Palantir Stock Rockets 21.2% This Week—Here’s Why Wall Street Is Buzzing
Palantir’s stock just pulled off a gravity-defying leap—soaring 21.2% in a single week. Was it AI hype, government contracts, or just traders chasing momentum? Let’s break it down.
The AI Halo Effect
Another tech firm cashing in on the AI gold rush—because slapping 'machine learning' on a pitch deck still moves markets, apparently.
Big Brother’s Big Budgets
Defense and surveillance deals keep padding Palantir’s bottom line. Who needs privacy when you’ve got quarterly earnings to hit?
Short Squeeze or Sustainable?
Street skeptics whisper ‘overbought’—but since when did fundamentals matter in a market high on Fed liquidity?
One thing’s clear: Palantir’s volatility isn’t for the faint-hearted. Then again, neither is betting on a company that knows *everything* about you.
Palantir brought in $1 billion
It was another massive quarter for the AI darling. Palantir's second-quarter earnings showed adjusted earnings per share (EPS) of $0.16 on $1 billion in sales versus the consensus $0.14 per share on $940 million in sales.

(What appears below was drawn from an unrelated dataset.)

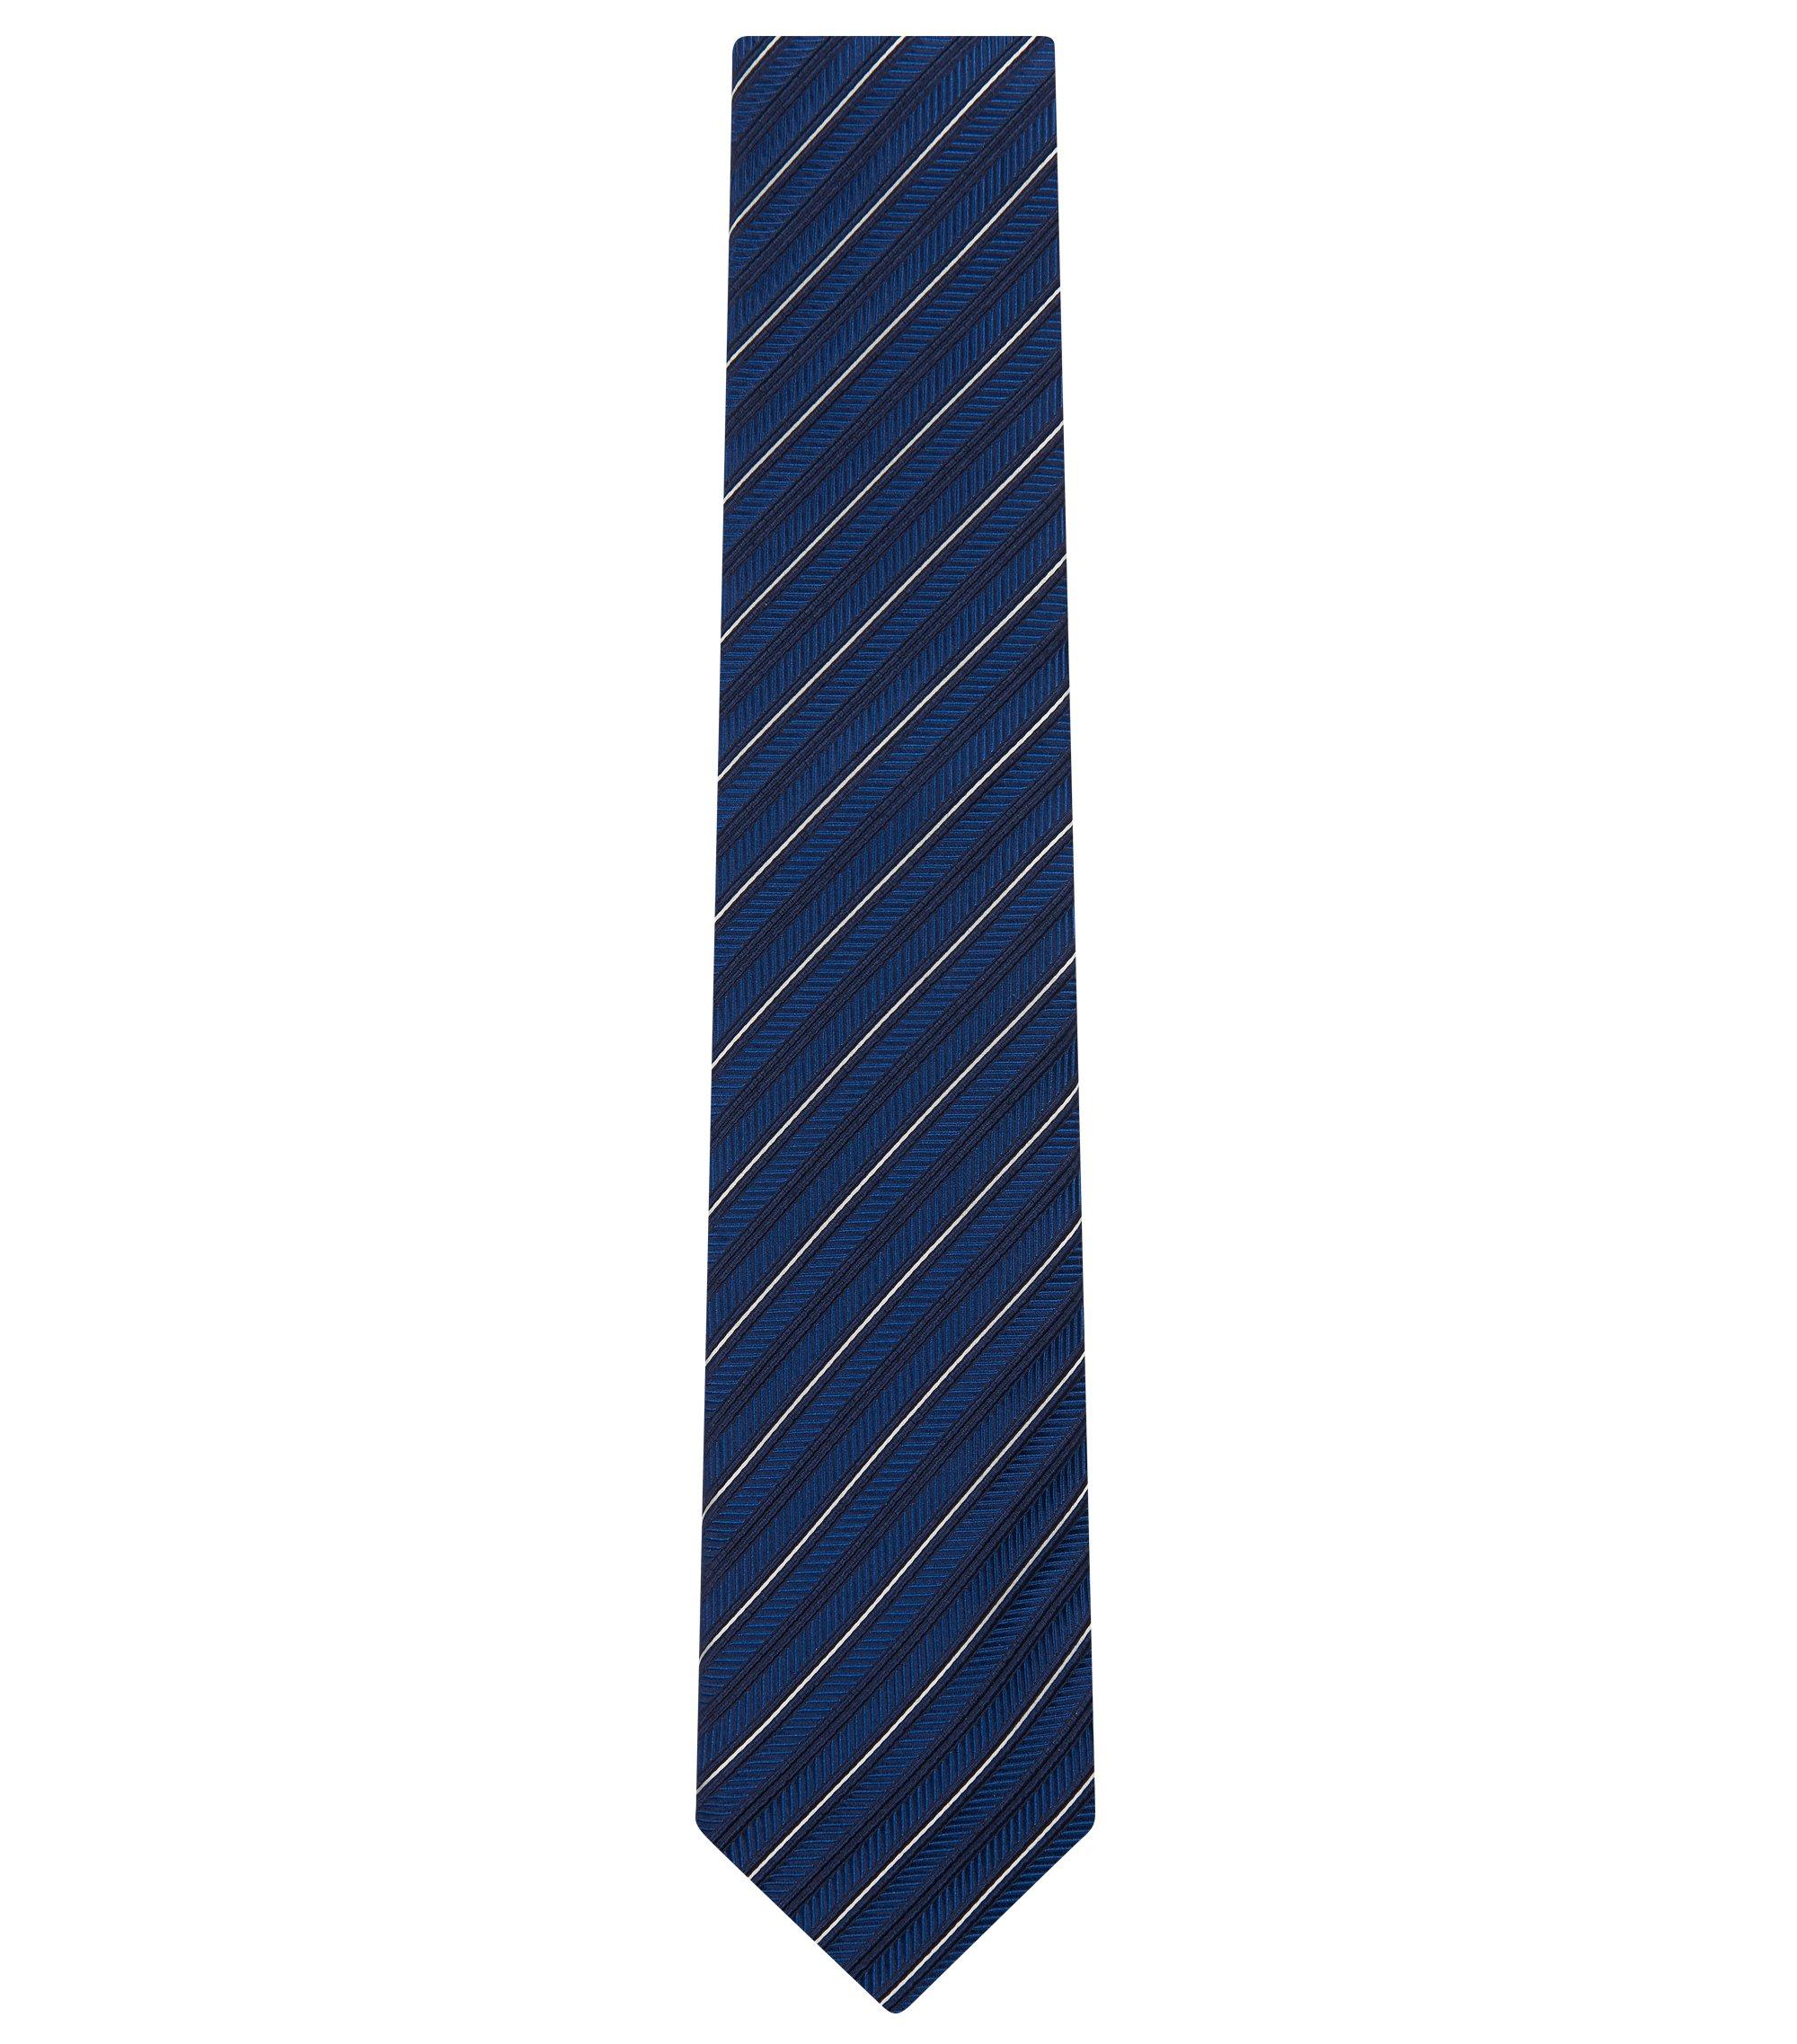 Embroidered Italian Silk Tie, Turquoise

CEO Alex Karp said there is an ongoing "efficient revolution" that will allow him to increase sales while decreasing headcount, saying that his "goal is to get 10x revenue and have 3,600 people. We now have 4,100 [people]."
The company lifted its guidance for the full year from between $3.89 billion and $3.9 billion to between $4.14 billion and $4.15 billion.

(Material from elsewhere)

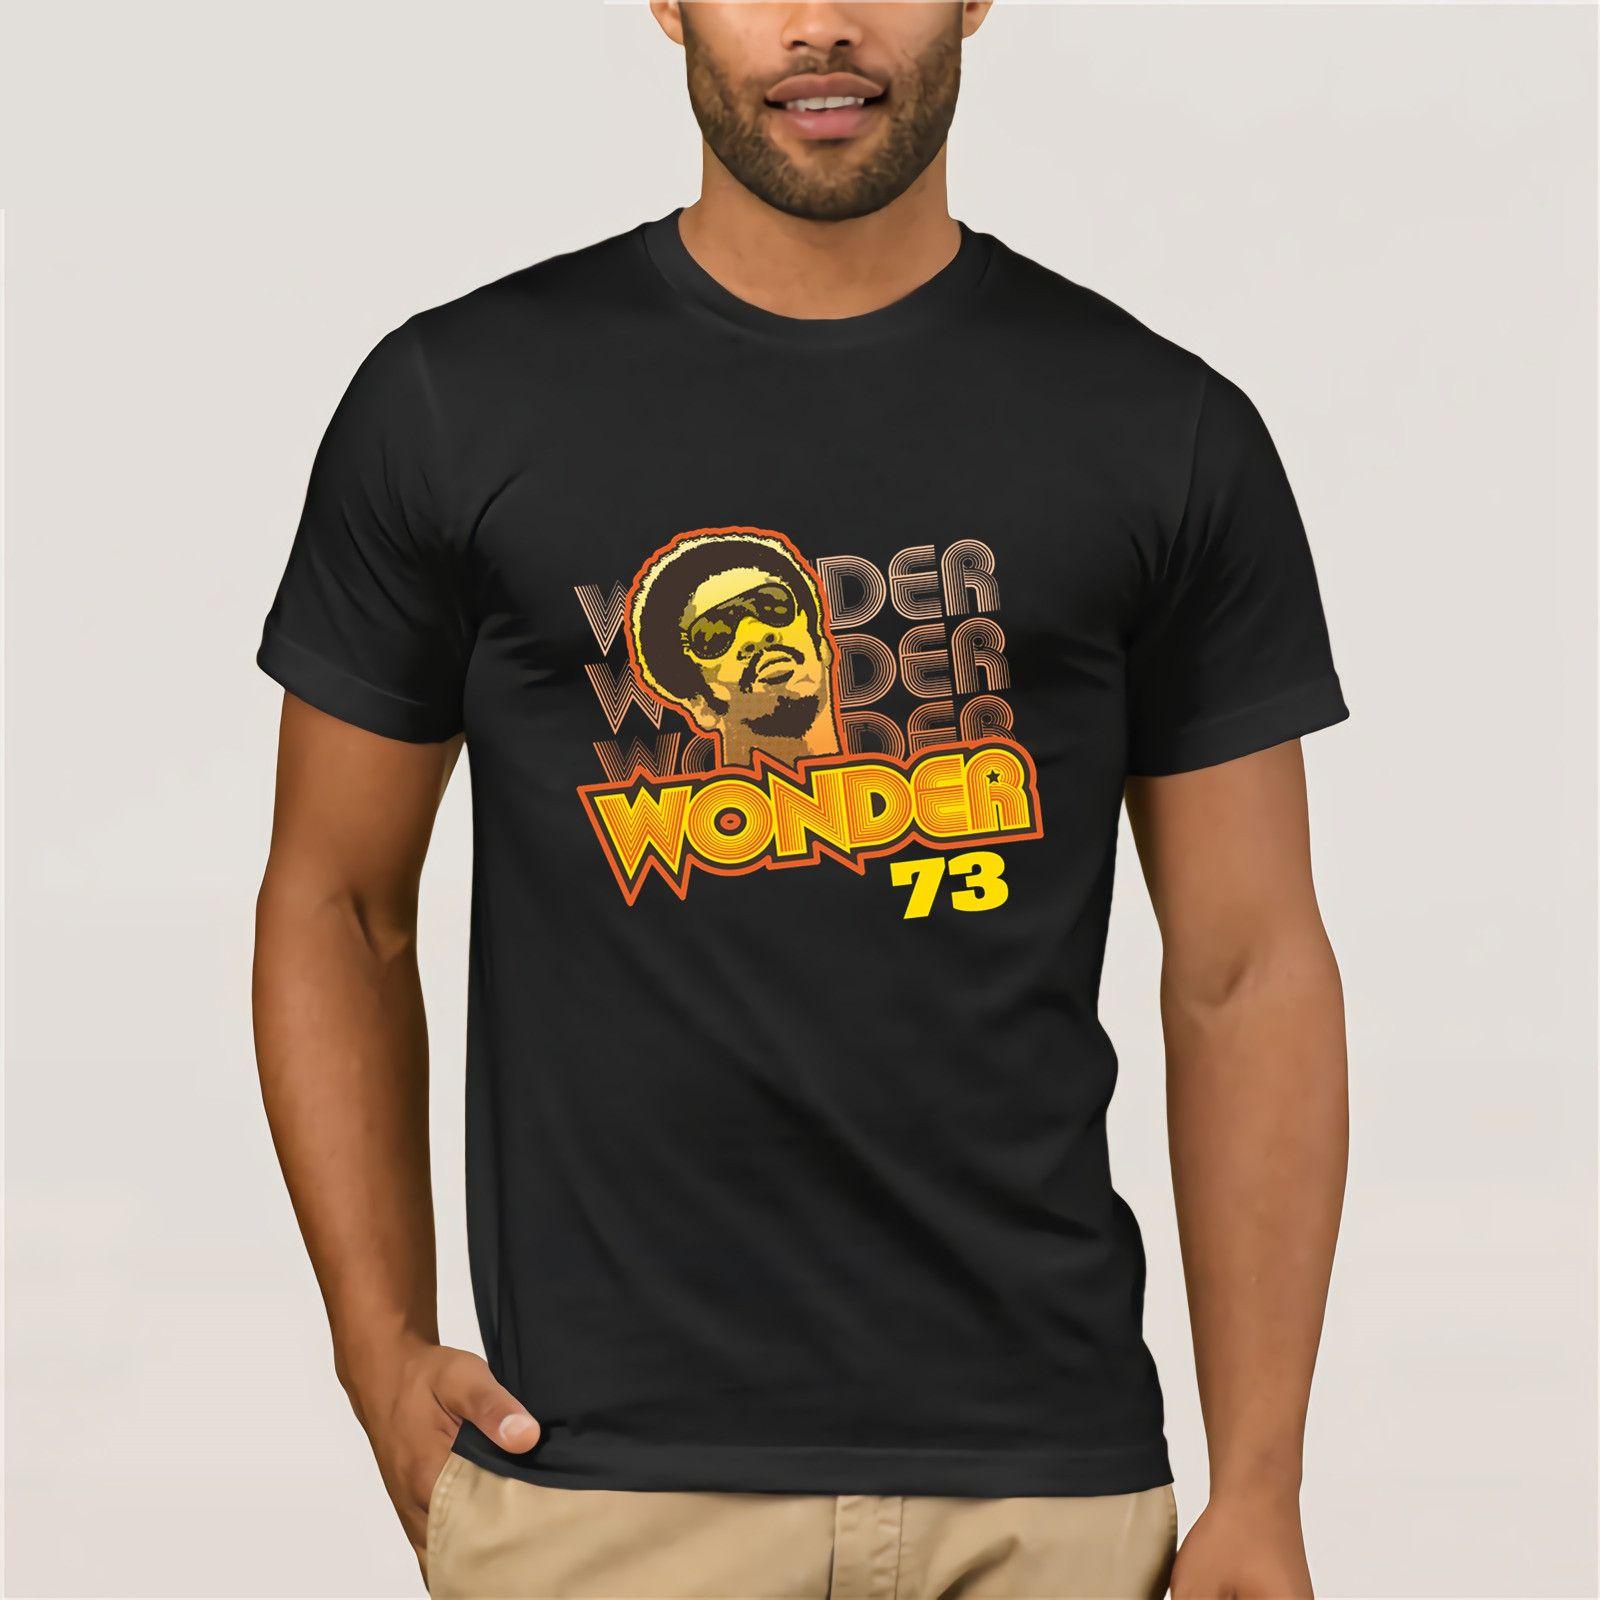 Stevie Wonder 73 T Shirt Best Deal On T Shirts That T Shirt From

Image source: Getty Images
Why Palantir stock's valuation still looks risky
The company's incredible and efficient growth is undeniable, but I continue to have serious doubts about its long-term prospects. Its trailing price-to-earnings ratio (P/E) is more than 600, 10 times that ofand almost 30 times that of. It even dwarfs, which has its own valuation issues.
The company would have to achieve near perfection for many years to justify this sort of multiple. I'm not sure it can, despite the Optimism of its CEO. I would stay away from Palantir stock at this price.